Studies of single calcium channel currents in rat clonal pituitary cells.

Single Ca channel currents in tissue cultured clonal cells (GH3) isolated from a rat anterior pituitary tumour were studied with a patch voltage-clamp electrode filled with 100 mM-BaCl2 solution. The open time histogram was reasonably well expressed by a single exponential function with a time constant, which was about 1 msec and almost voltage-independent in the range of membrane potential studied (-20 to +40 mV).

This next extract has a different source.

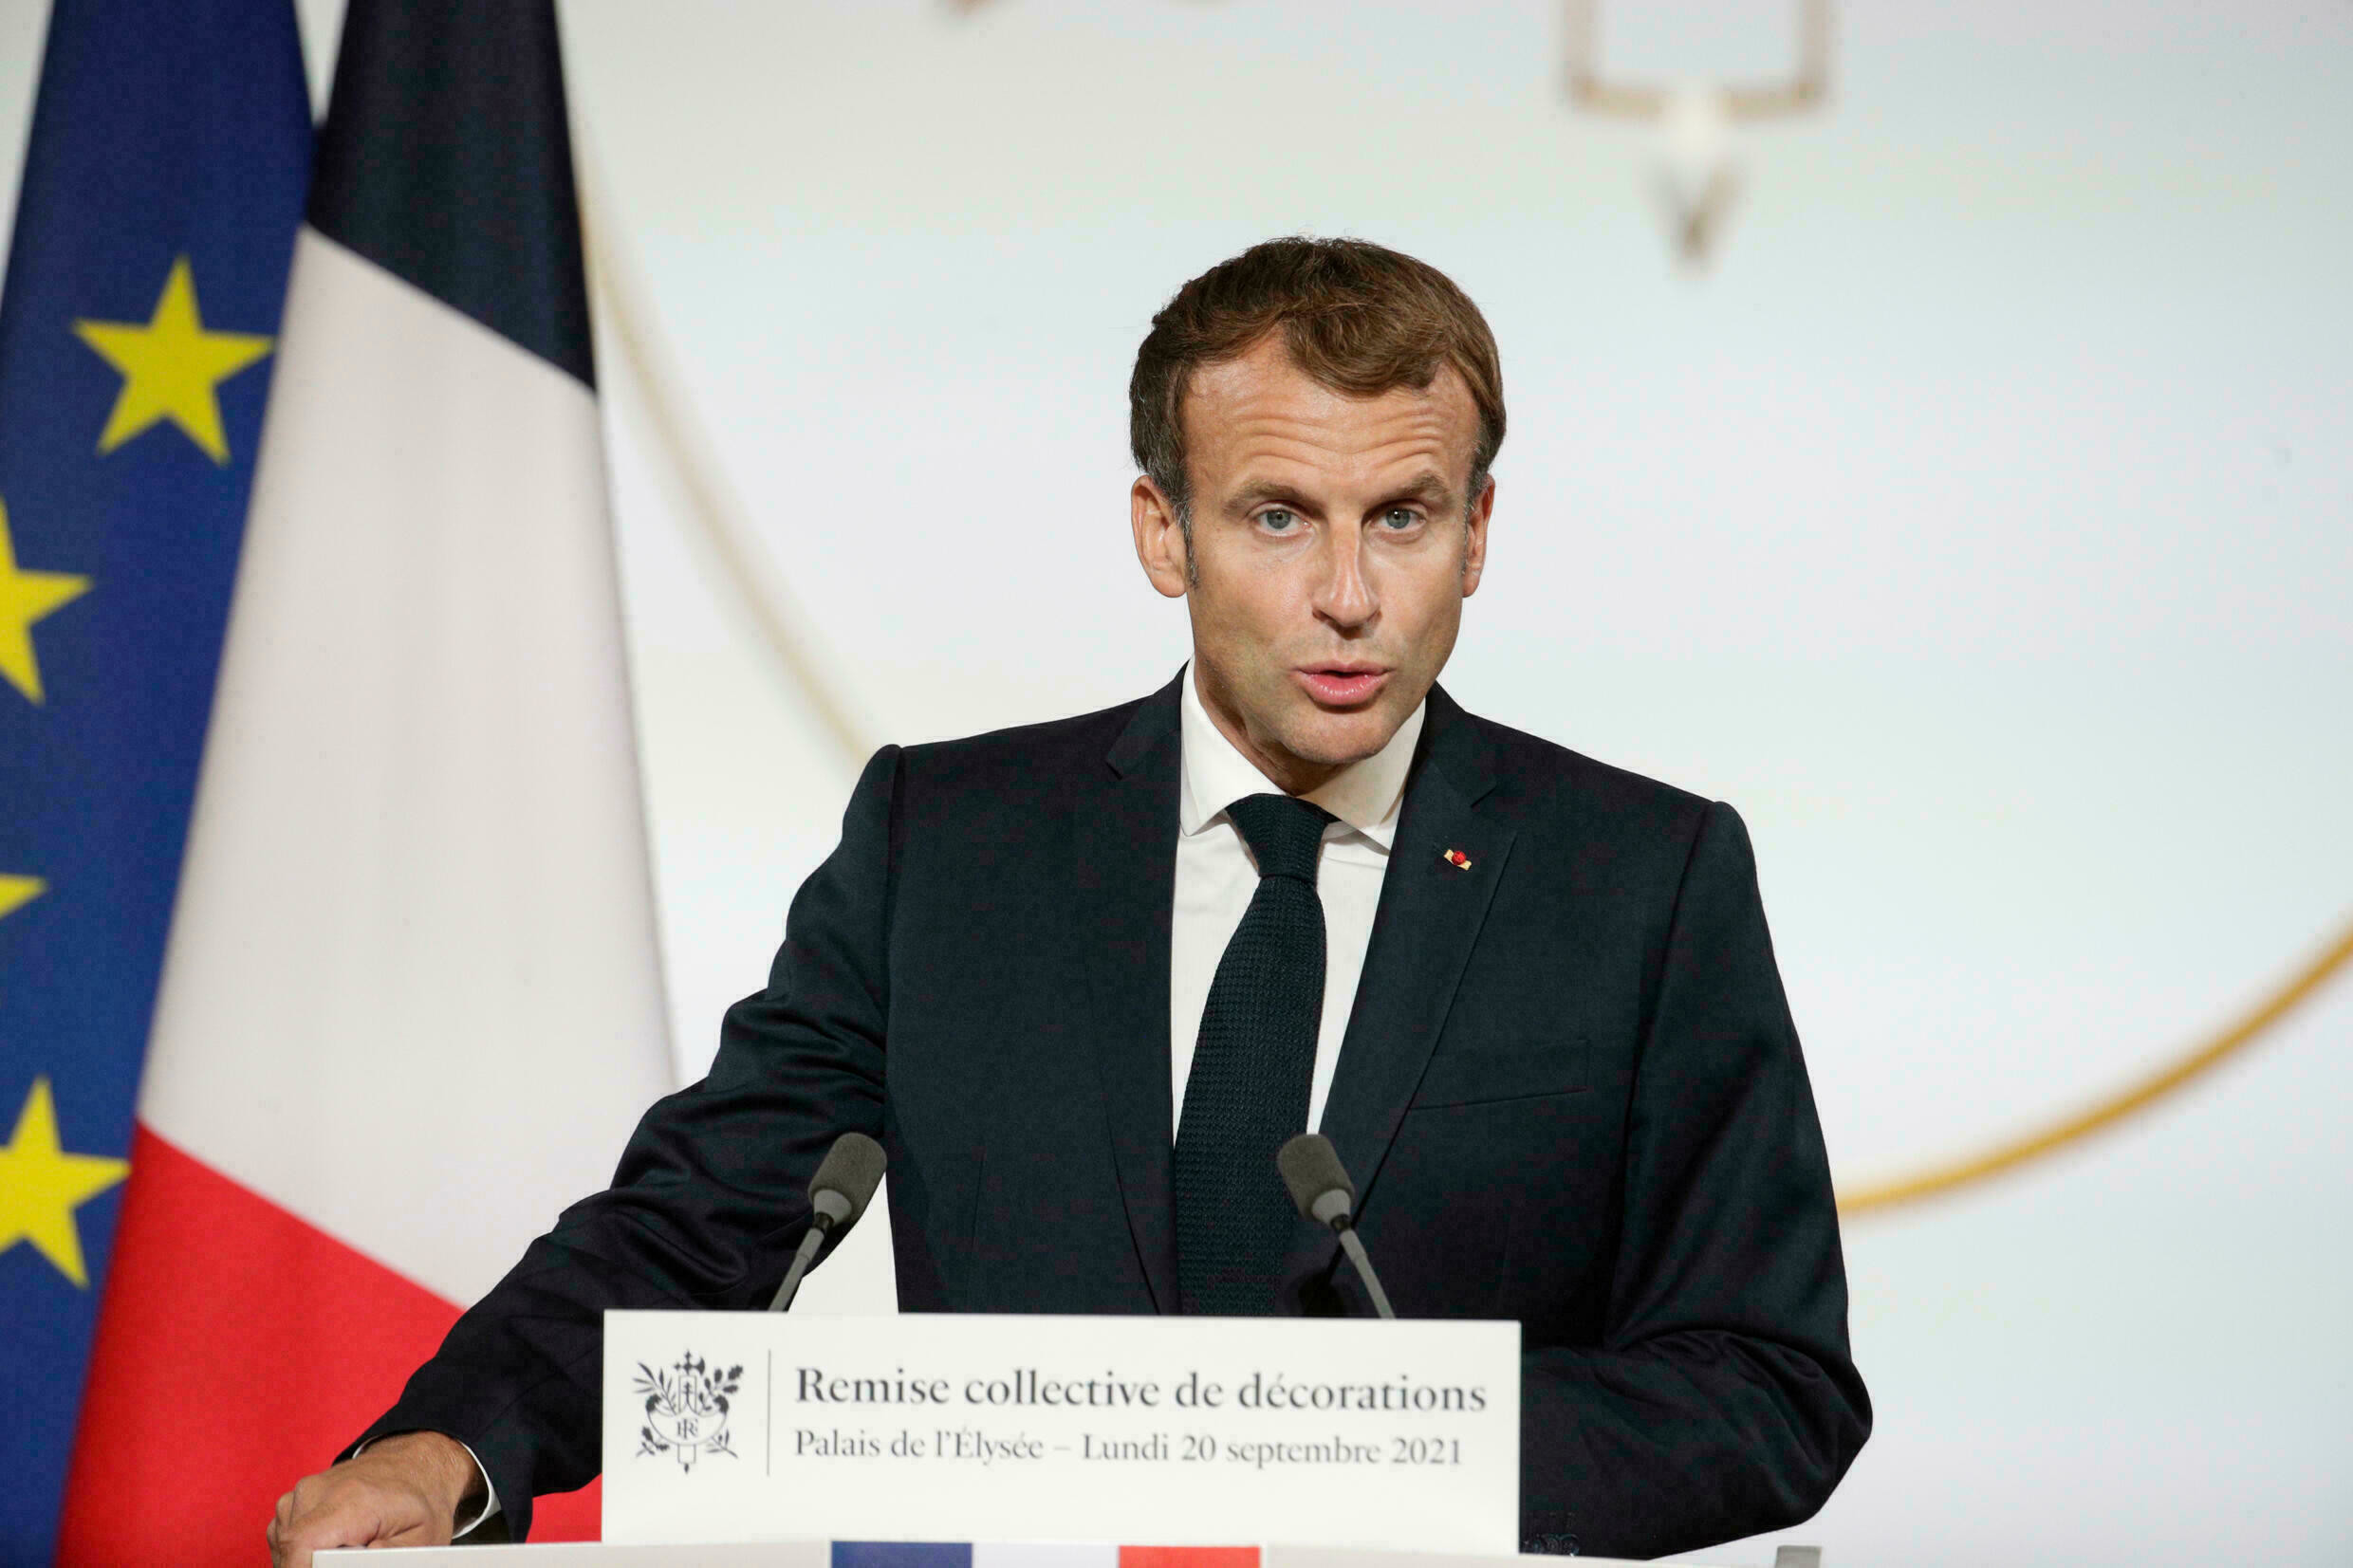 Cri Courageux de l'Algérie Audacieux, Honnête et libre face à Macron de France impérialiste l'oblige à être le 1ier  président français à commémorer le 60e anniversaire du massacre des Algériens à Paris

The closed time histogram was expressed by a sum of two exponential functions, one with a relatively voltage-independent time constant of about 1 msec and the other with a substantially larger voltage-dependent time constant. The latency (the time from the onset of the voltage-clamp pulse to the first channel opening) histogram could be expressed as the difference of two exponential functions with time constants which appeared to be voltage-dependent. The tentative conclusion is that the channel enters the activated state with voltage-dependent and relatively slow kinetics, and then flickers between open and closed states with substantially faster and relatively voltage-independent kinetics. The amplitude of the single channel current was similar to that estimated from noise analysis of the whole cell current (about -0.7 pA at 0 mV in 100 mM-BaCl2 solution); the apparent slope conductance was about 7-8 pS.